According to the definition, Slurm is an open-source, fault-tolerance, highly scalable cluster management and job scheduling system for all sizes of Linux clusters.

Slurm stands Simple Linux Utility for Resource Management (SLURM), and it is used by many of the world’s supercomputers and Linux clusters in general.

In simple words, Slurm allows us to execute jobs in the cluster using the resources of nodes that are part of it.

Slurm Architecture

We are going to create a Slurm cluster using docker-compose, Docker compose allows us to create an environment from docker images (previously built). Docker-compose will create containers and the network to communicate them in an isolated environment. Each container will be a component of the cluster.

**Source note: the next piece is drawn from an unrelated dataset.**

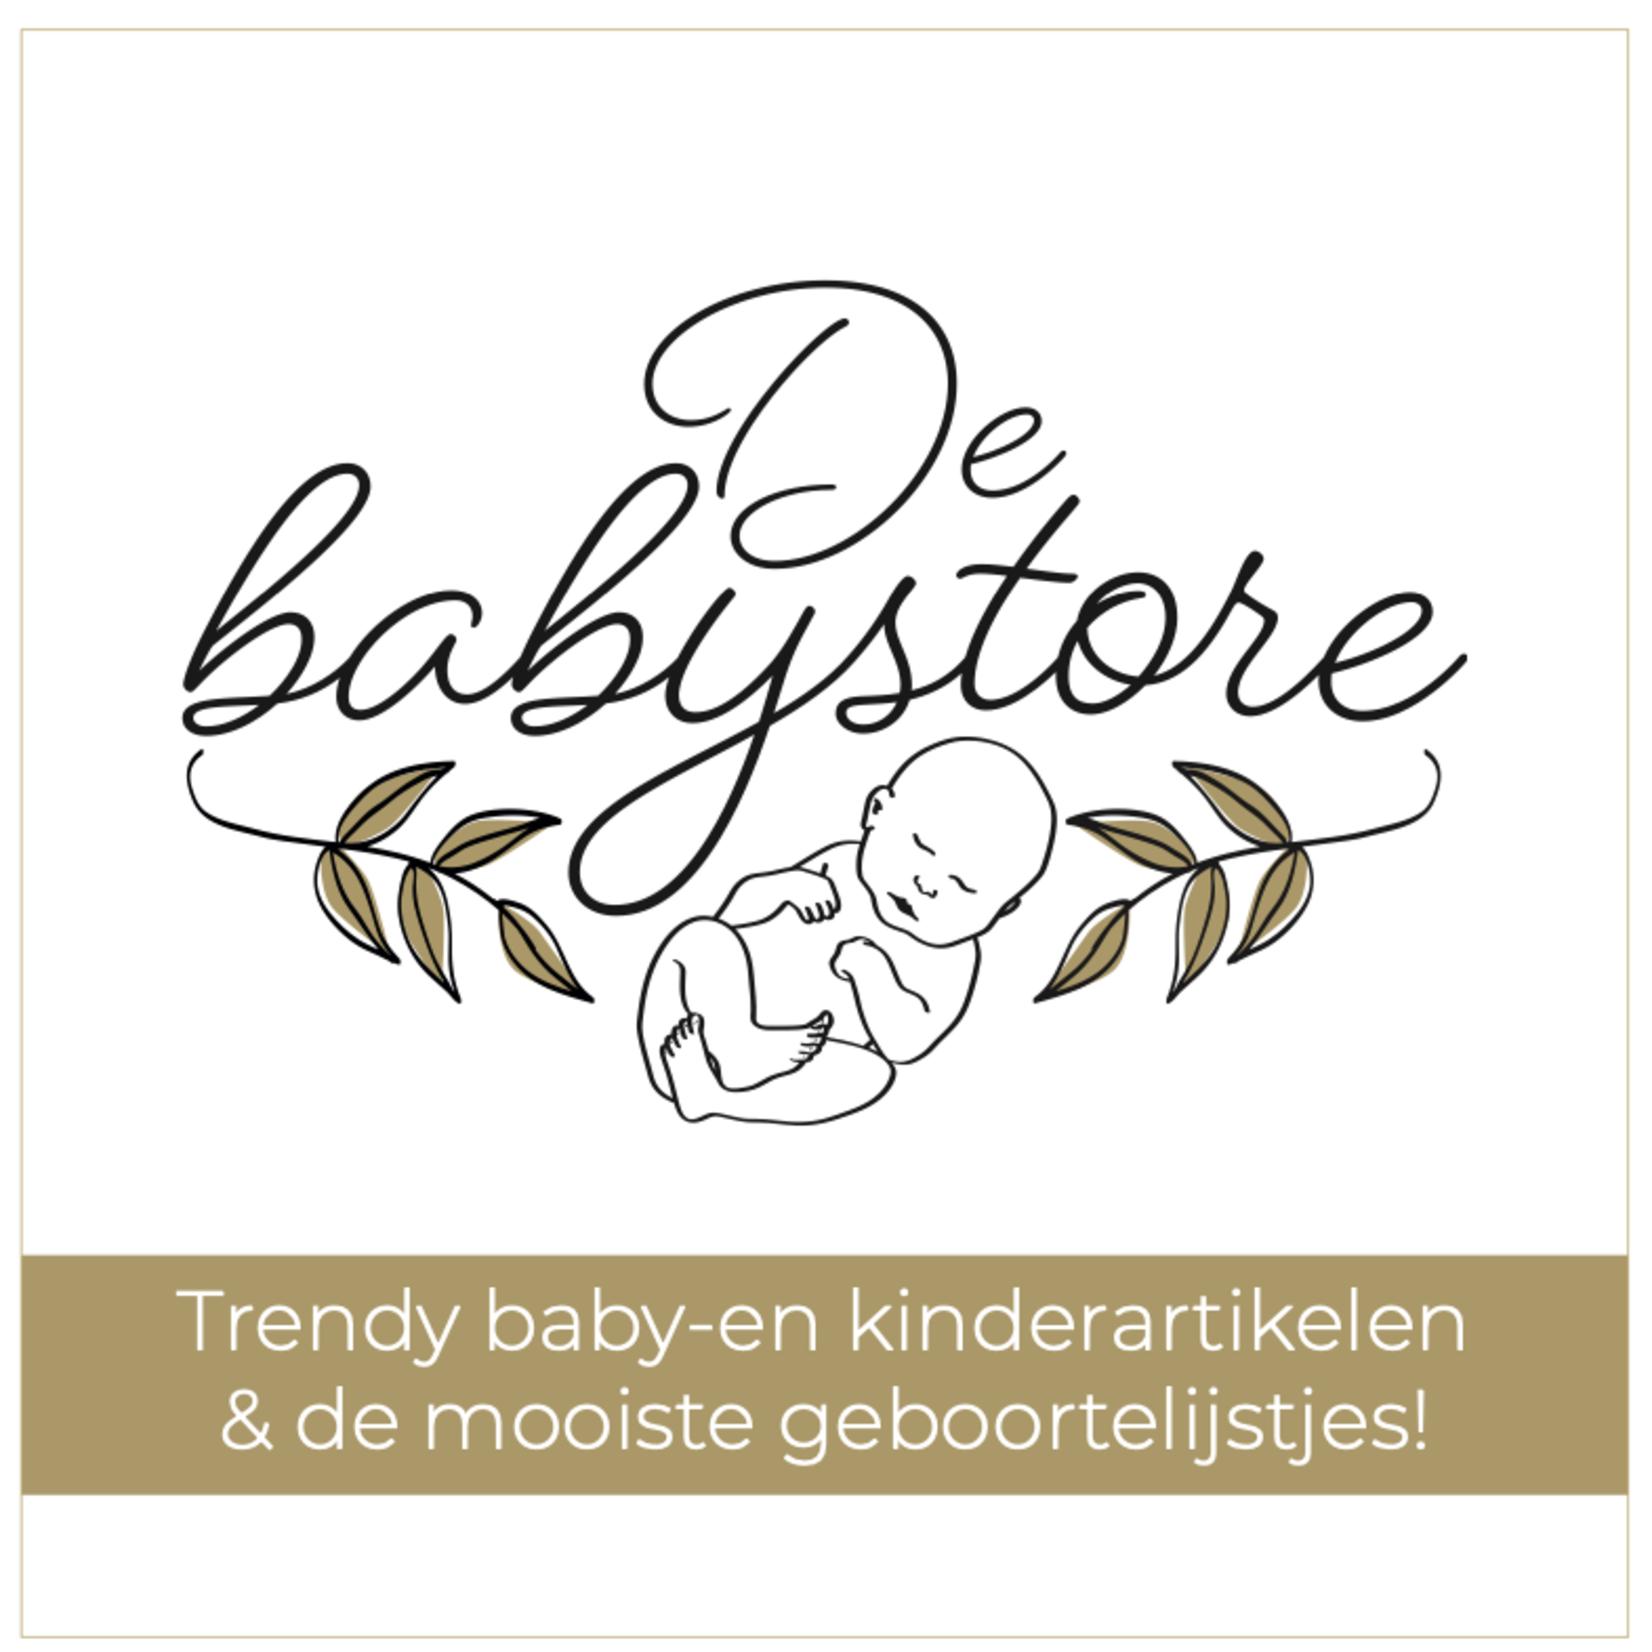 De babystore De babystore Papieren geschenkbon 10 euro
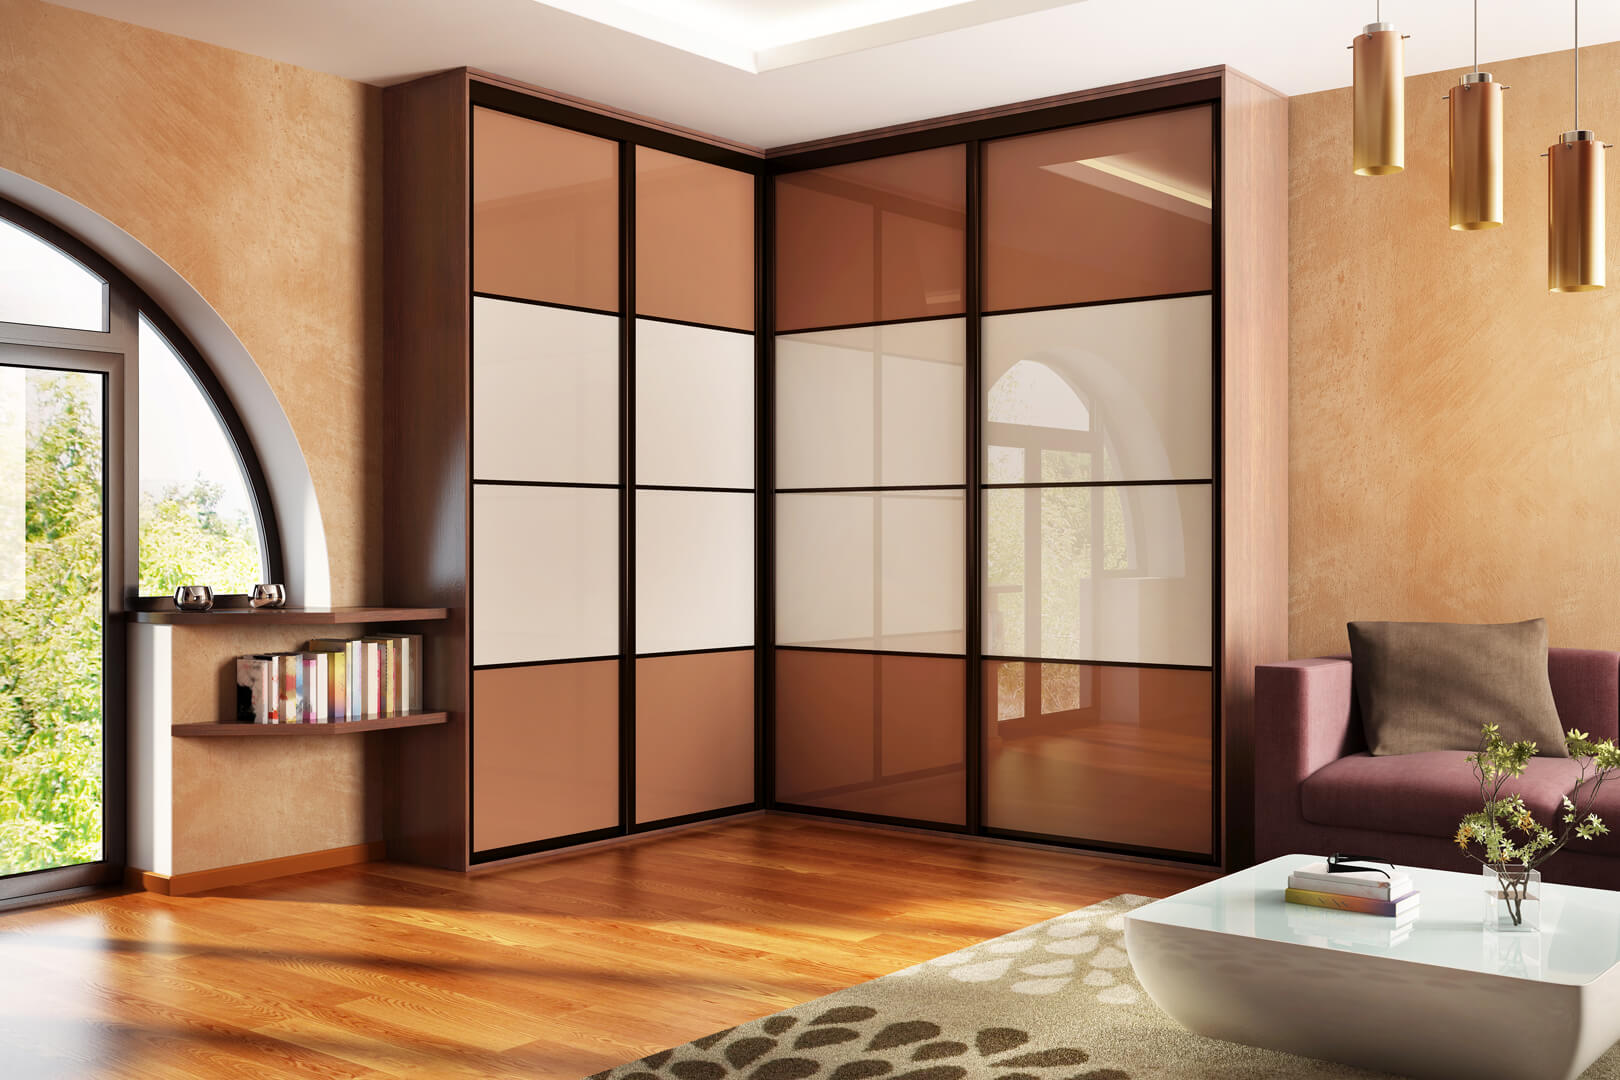 Szafa narożna z szklanymi białymi i brązowymi drzwiami przesuwnymi w salonie

slurmmaster will be the container with slurmctld (The central management daemon of Slurm).

slurmnode[1–3] are the containers with slurmd (compute node daemon for Slurm).

slurmjupyter will be the container with jupyterlab. This allows interacting with the cluster using JupyterLab as a cluster client. As end-users, we’ll work using JupyterLab through a browser for interacting with Slurm.

cluster_default network, docker-compose will create a network to join and keep containers altogether. Containers inside the network can see each others.

The following scheme shows how components interact.

Slurm cluster docker architecture

Creating the cluster

As I mentioned before, we are going to use docker-compose to create our Slurm Cluster. So we will write a docker-compose.yml file to declare and configure all cluster components.

To install docker-compose you have to execute:

$ pip3 install docker-compose

I created a directory called cluster to write inside my docker-compose.yml

$ mkdir cluster
$ cd cluster
$ vim docker-compose.yml

Note: you can use the editor you like instead of vim.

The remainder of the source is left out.